Thermal Design of Upper Boost Stage with Hybrid Kick Motor for Microspacecraft

This paper proposes thermal design of the upper boost stage with a hybrid kick motor for increasing the deep space exploration from a geostationary transfer orbit by microspacraft. The oxidizer of the hybrid kick motor is nitrous oxide. The main challenge in this paper is to keep the temperature of the nitrous oxide below 35 degree Celsius to keep the nitrous oxide in a liquid condition before the ignition of the hybrid kick motor.
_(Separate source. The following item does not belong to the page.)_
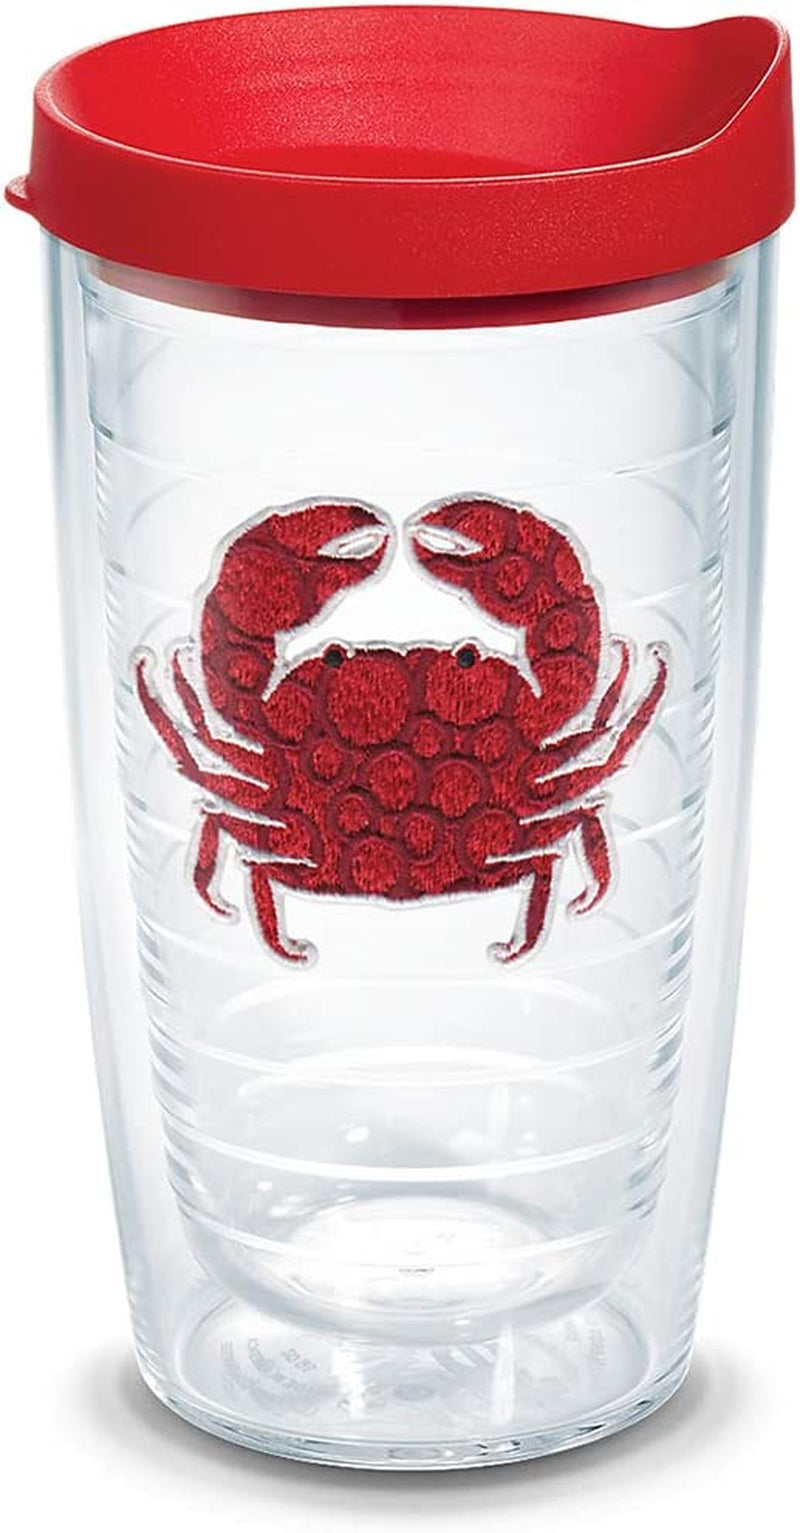 Tervis Crab Insulated Tumbler with Emblem and Red Lid, 16 Oz, Clear Home & Garden > Kitchen & Dining > Tableware > Drinkware Tervis Red Lid 16oz

The upper temperature limit is lower than that of the allowable temperature range of many on-board devices. The sunshine and shade time per orbit on the orbit are longer than those on low earth orbits and the temperature fluctuates violently in an orbit. The shape of the upper boost stage is 50 cm cubic. Solar cells are body-mounted and the passive thermal control is based. Two thermal design strategies are applied: Design concept A reduces temperature change in an orbit by using the heat capacity of the entire spacecraft. Design concept B reduces the temperature change in internal structures by transferring the little external heat to the internal structure. Assuming the thermally worst attitude of the upper boost stage, no design solution is found. The design solution is found from design concept B under the attitude condition of the normal flight, in which the upper boost stage rotates about the hybrid kick motor axis.